"Project Fear" is a term that has entered common usage in British politics in the 21st century, mainly in relation to two major referendum debates: the 2014 Scottish independence referendum, and then again during and after the 2016 UK referendum on EU membership (Brexit).

The phrase has been used to characterise claims of economic and socio-political dangers—primarily those that would result from a change to the existing political status quo—as scaremongering and pessimism.

2014 Scottish independence referendum
The phrase was coined by Rob Shorthouse, who was the "Better Together" campaign's director of communications during the Scottish independence referendum and first appeared in Scotland's Herald newspaper in 2013. It was originally intended as a joke, “an ironic suggestion for Yes Scotland – a handy name it could use in its constant complaints about Better Together’s alleged Unionist scaremongering”. However it was subsequently adopted by Scottish nationalists after Shorthouse used it in conversation with journalists at the Scottish Conservatives party conference in June 2013 and it entered print. Scottish National Party leader Alex Salmond used it to taunt unionist campaigner Alistair Darling during a televised debate.

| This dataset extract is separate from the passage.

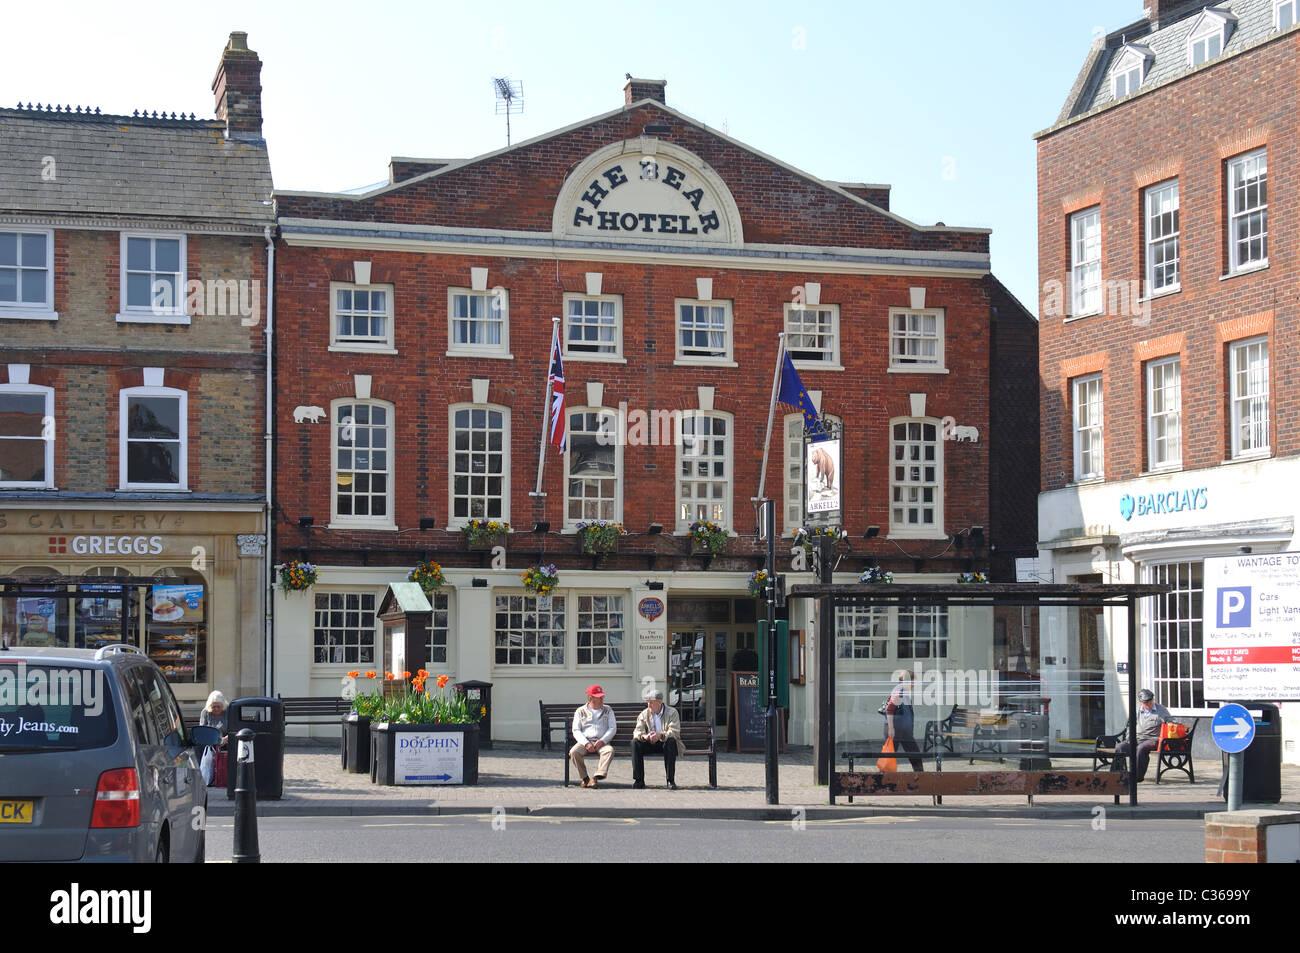 The Bear Hotel, Wantage, Oxfordshire, England, UK - Stock Image

2016 EU membership referendum
It later reappeared during EU membership referendum campaigning ahead of the 2016 UK referendum on EU membership, being used to criticise the campaign being run by Britain Stronger in Europe, supporters of the UK remaining in the European Union. Former Mayor of London and key figurehead of the Leave campaign Boris Johnson re-introduced the term. He put forward claims that the pro-EU campaign was guilty of scaremongering, saying that "the agents of Project Fear" were trying to "spook" the British public into voting against British withdrawal from the European Union.

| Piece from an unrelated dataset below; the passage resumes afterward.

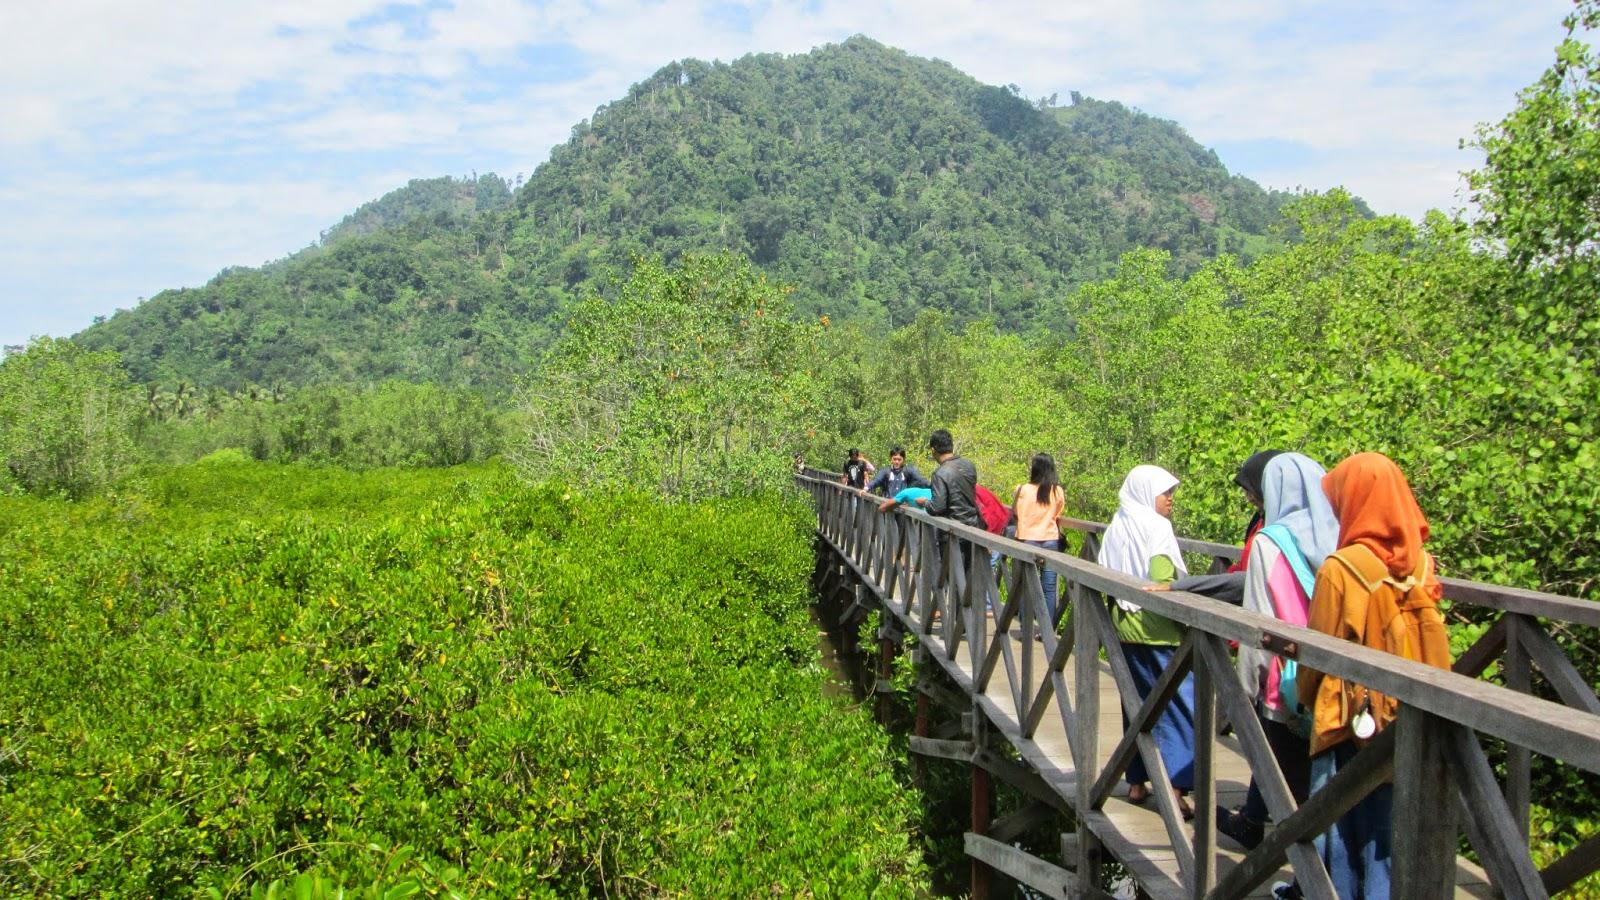 Pesona Alam Hutan Mangrove Pancer Cengkrong Sindopos Hutang Trenggalek Kab

The phrase was also used by those who were in favour of Britain remaining within the European Union, Labour Shadow Chancellor John McDonnell said that "The EU referendum is about our future relationship with Europe, not who is the next leader of the Tory Party ... the Labour leadership will not go anywhere near the Tories' 'project fear' campaign on both sides of the debate. But instead we will continue to set out the positive case to 'Remain and Reform' the EU to create 'Another Europe' ... Another Europe is not just possible but urgently and vitally needed, which is why we must reject the offer of a Tory Brexit.".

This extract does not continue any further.